REQUIREMENT:
The reply should hold nothing except the lines from the one with "Report of the" through the end of the entries, duplicated exactly and with no pictures.

### DATA SUPPLIED

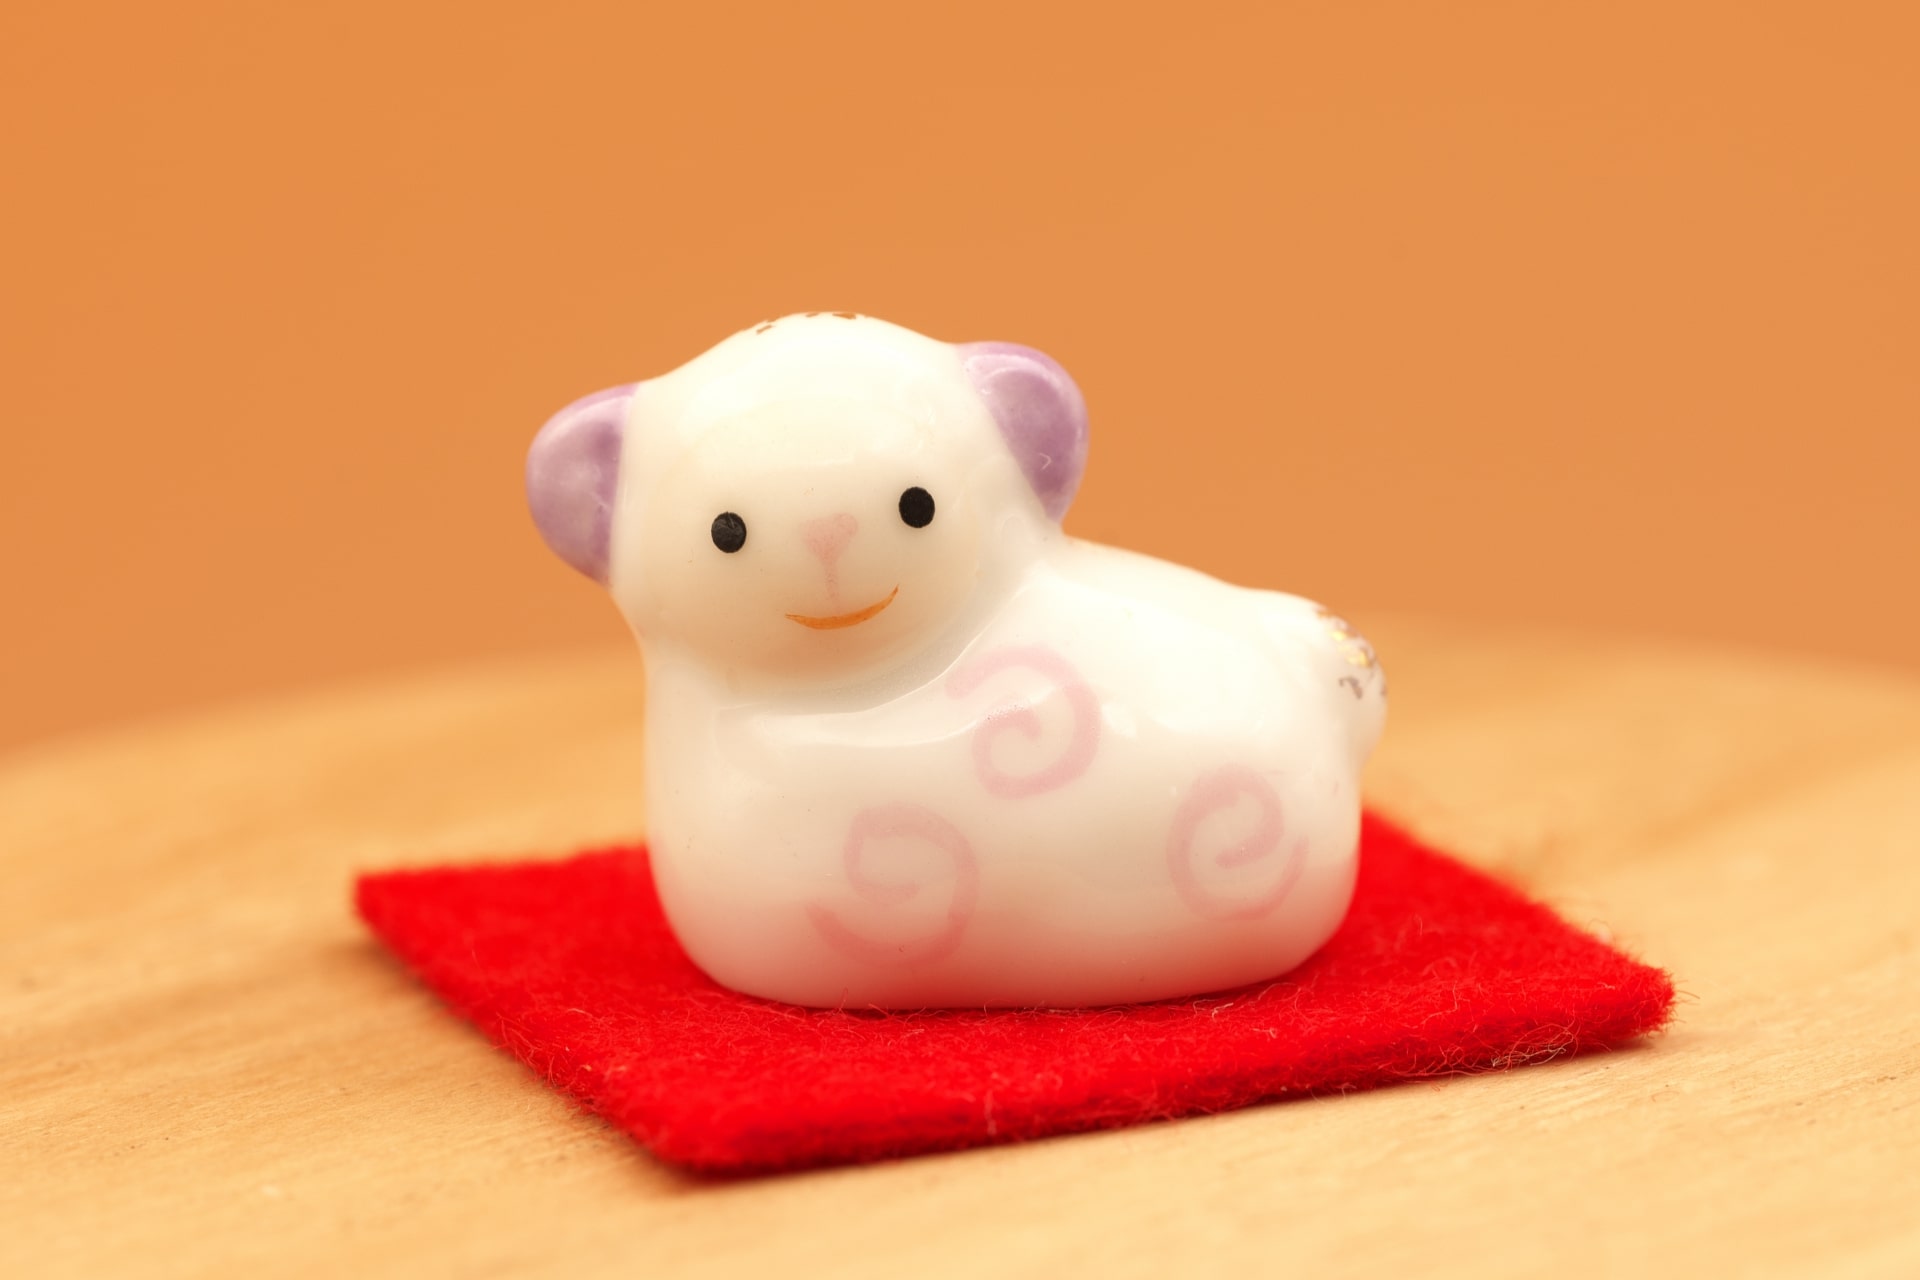 Small figurine depicting the sheep from Chinese Zodiac
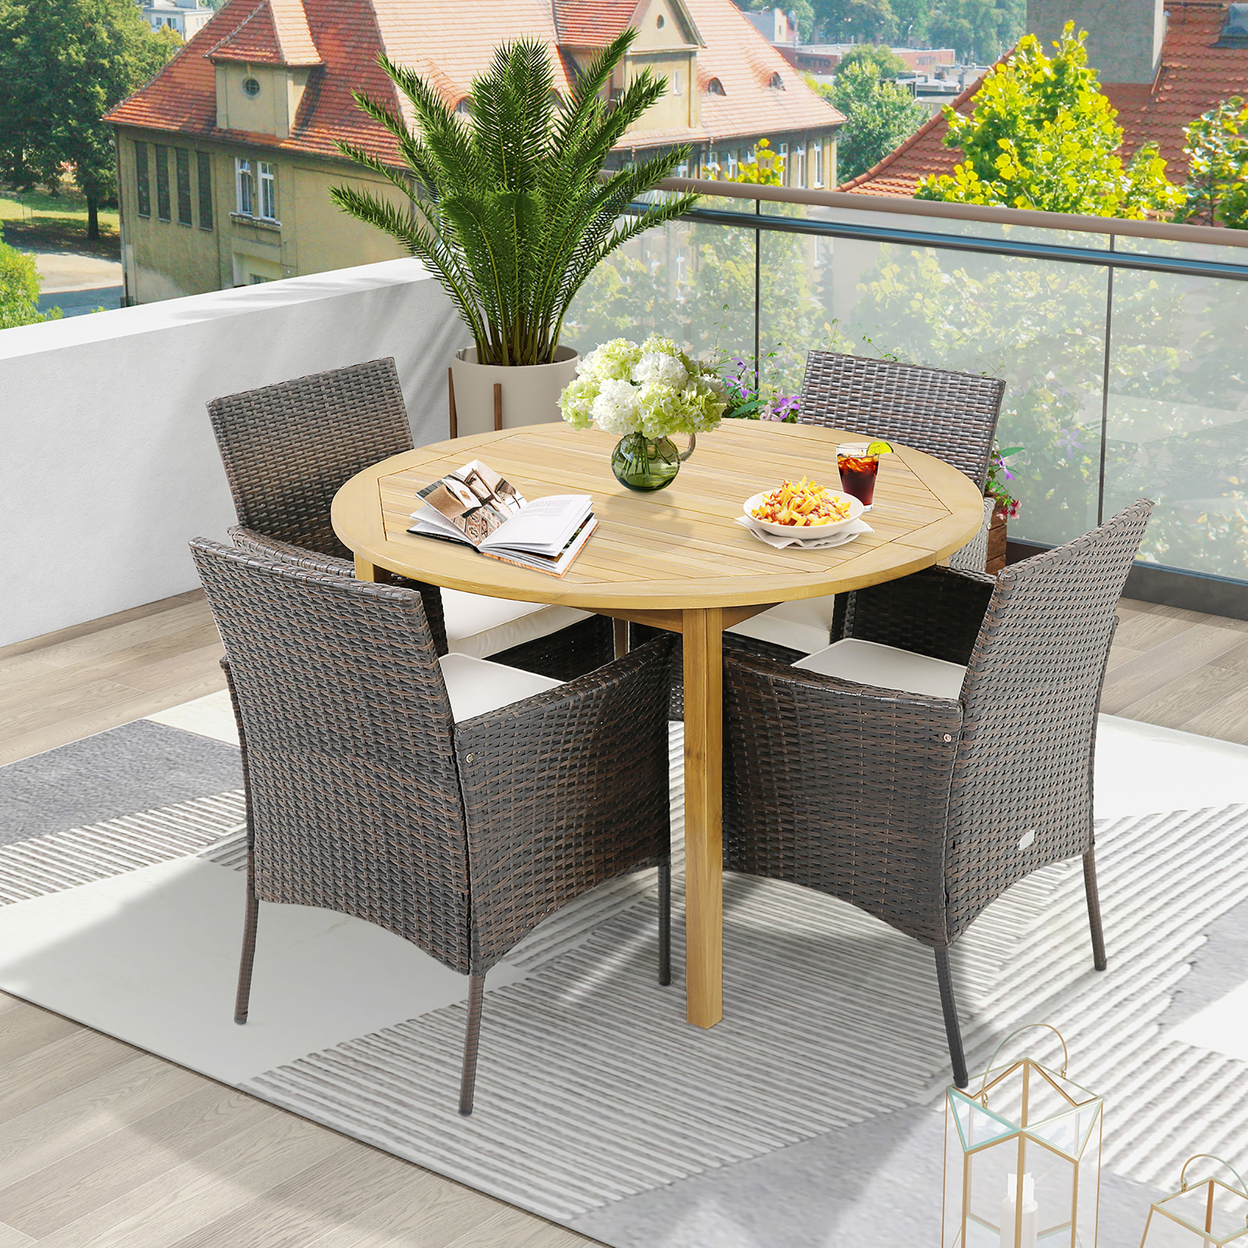 Patio Dining Chairs Set Of 4 Outdoor PE Wicker Chairs W/ Removable Cushions Brown & Off White
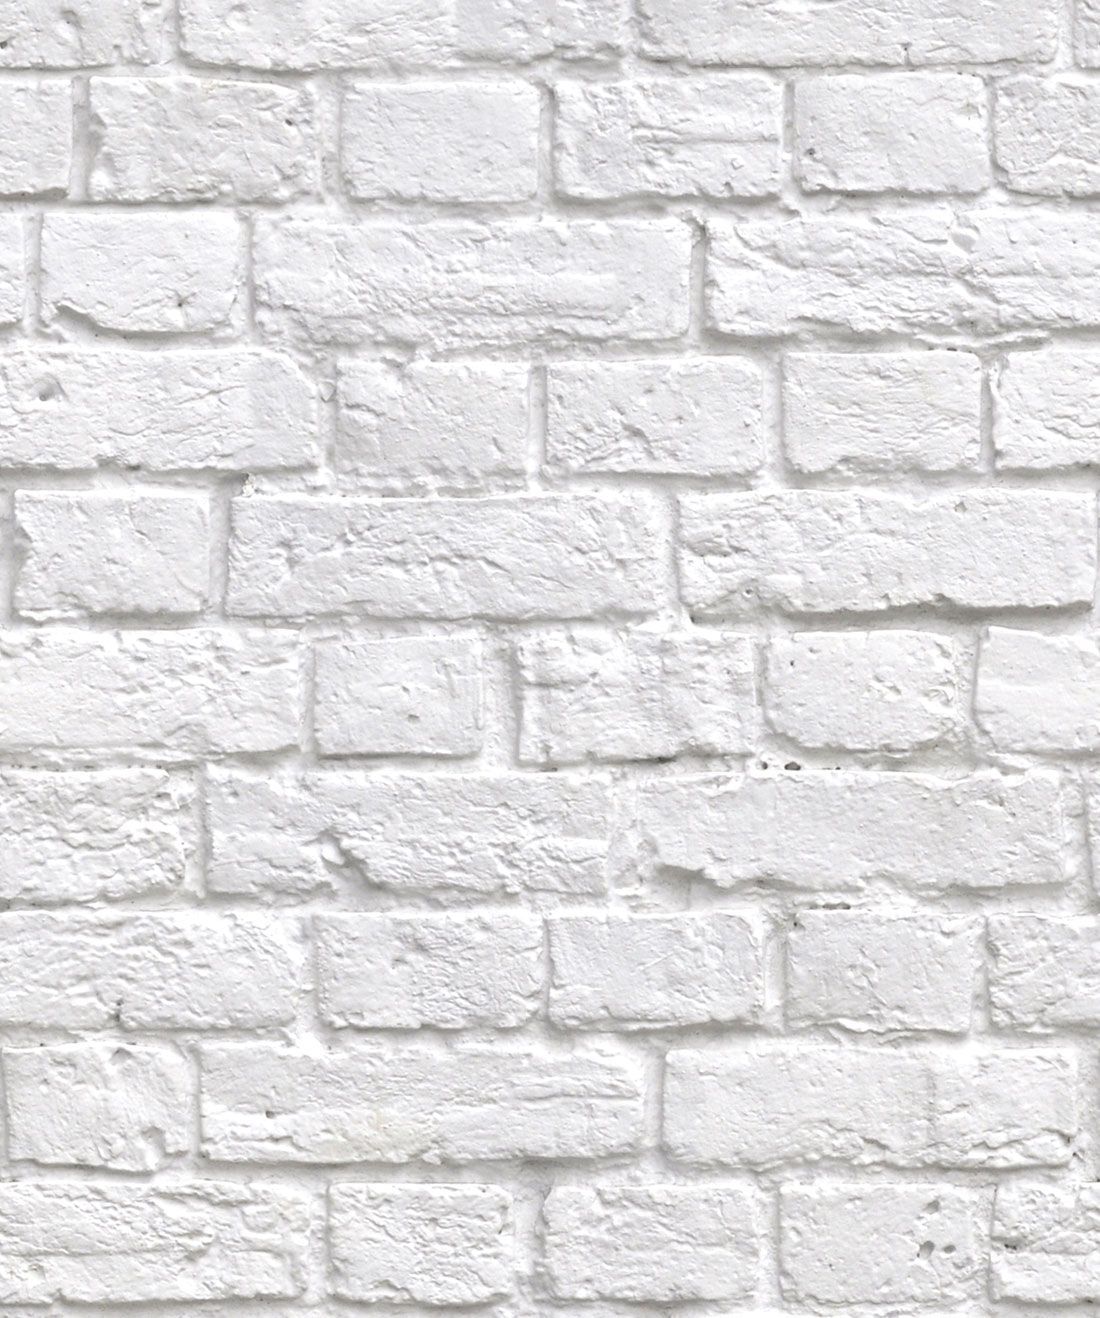 White brick wallpaper with a washed out look - White
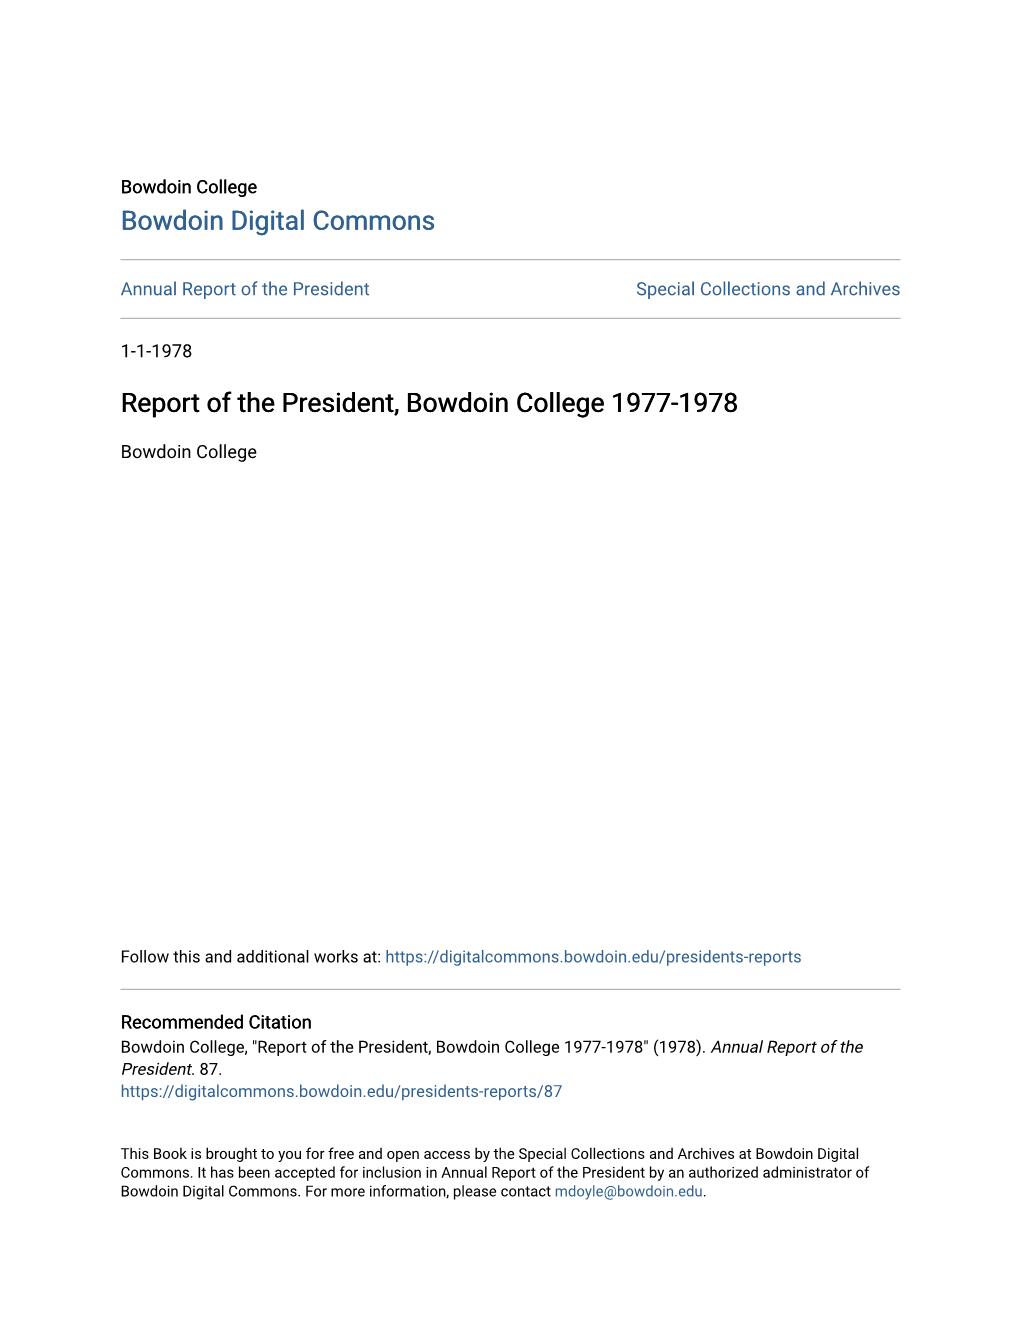 Report of the President, Bowdoin College 1977-1978
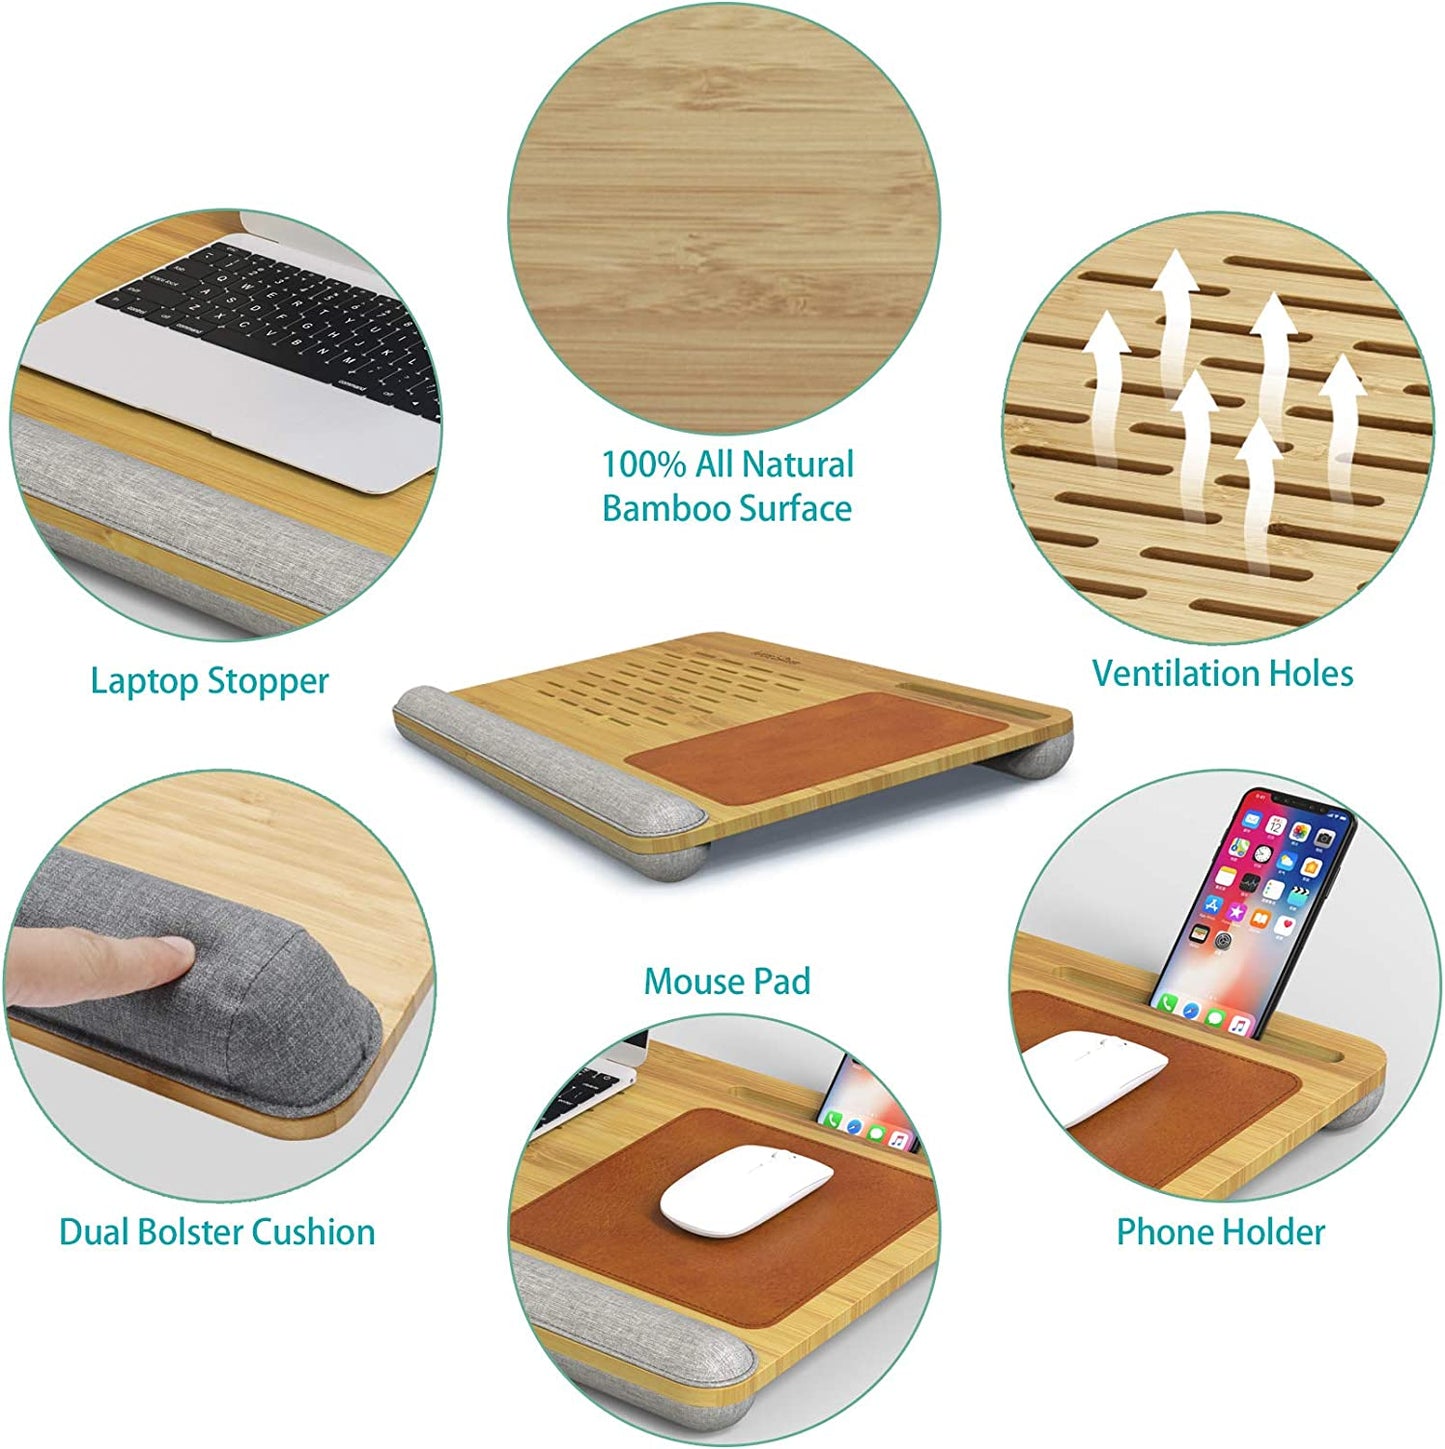 Laptop Desk, Bamboo Lap Desk for Laptop, Laptop Pad with Vent Holes, Built in Mouse Pad & Device Ledge, Pen & Phone Holder -Fits up to 17 Inches Laptop Desks

######

RESPONSE:
 Report of the President, Bowdoin College 1977-1978
 Laptop Desk, Bamboo Lap Desk for Laptop, Laptop Pad with Vent Holes, Built in Mouse Pad & Device Ledge, Pen & Phone Holder -Fits up to 17 Inches Laptop Desks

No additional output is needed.